Some ethnic Russians living in Georgia, of which there are around 70,000, said the war had forced them to choose sides. Nadejna Diakonova-Giuashvili, an ethnic Russian whose late husband was a Georgian officer in the Russian Army, recently escaped to a refugee center in Gori after fleeing from her bombed-out Georgian village near South Ossetia. She said she was now ashamed to be Russian.

“I’m so ashamed to look in the eyes of my neighbors after what Russia has done,” she said, speaking in both Russian and Georgian. “I only learned my husband was Georgian when he signed his name on the marriage registry the day we were married,” she said. “He spoke fluent Russian, and he tricked me. But I didn’t care. We have the same blood.”

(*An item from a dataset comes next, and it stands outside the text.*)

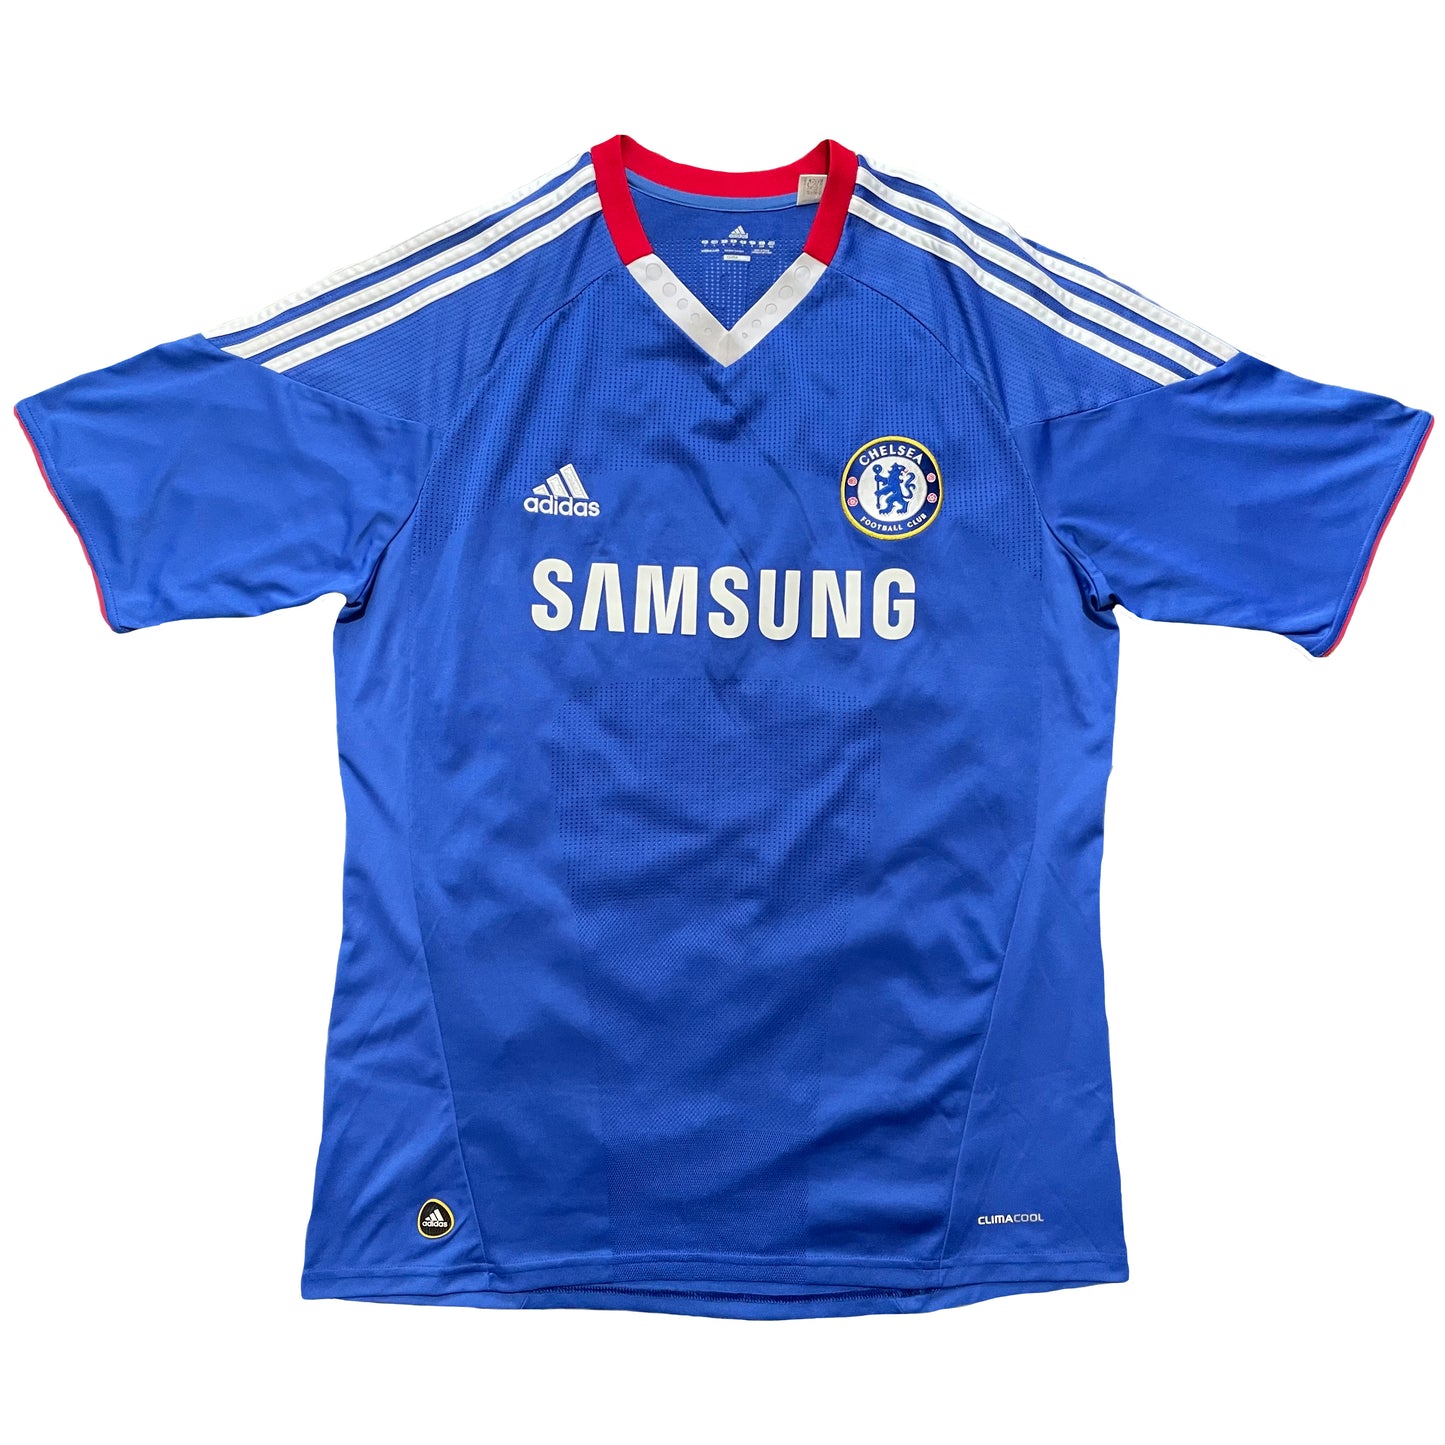 <tc>2010-2011 Chelsea FC camiseta local #8 Lampard (L)</tc>

Some ethnic Russians here said bubbling anti-Russian sentiment had forced them to conceal their Russian identity, even as they insisted they had no intention of leaving Georgia, where they had lived for decades.

Vera Tsereteli, who moved from Moscow to Tbilisi more than 30 years ago, said her Georgian friends still greeted her with a kiss even as they teased her by calling her an “occupier.” She is unable to speak Georgian, and she said she was now wary of speaking Russian in public.

[. . .]

“During Soviet times, it was prestigious to speak Russian and a sign of being educated and refined,” she said. “Now, Russia is associated with occupation, annexation and refugees.”

Irina Minasyan, a Russian-speaking Georgian of Armenian descent, said she feared her 13-year-old son, Edgar, could face limited career prospects because he attended a Russian school in Tbilisi. “A lot of people have switched their children from Russian to Georgian schools since the war began,” she said. “The young generation is anti-Russian, and I worry about Edgar’s future.”


The intensity of ethnic warfare in a particular region varies according to the distance from the battlefield. In a South Ossetia marked by bitter disputes between neighbourhoods and even between family members, the net result of the Ossetian victory is the (likely) permanent displacement of ethnic Georgians from their territory. In Tbilisi, spared the direct impact of warfare in bouts of ethnic warfare, ethnic Russians and other Russophones survive more-or-less well. This is common throughout: In the former Yugoslavia, the only ethnic cleansings of ethnic minorities in inner Serbia or Vojvodina occurred in the Croat villages f the Vojvodina and perhaps in the intimidation of Muslims in the Sanjak area, while the bodies of ethnic Albanians who, massacred, were dumped into various bodies of water in inner Serbia came not from Belgrade or Kragujevac or Novi Sad but from Kosovo.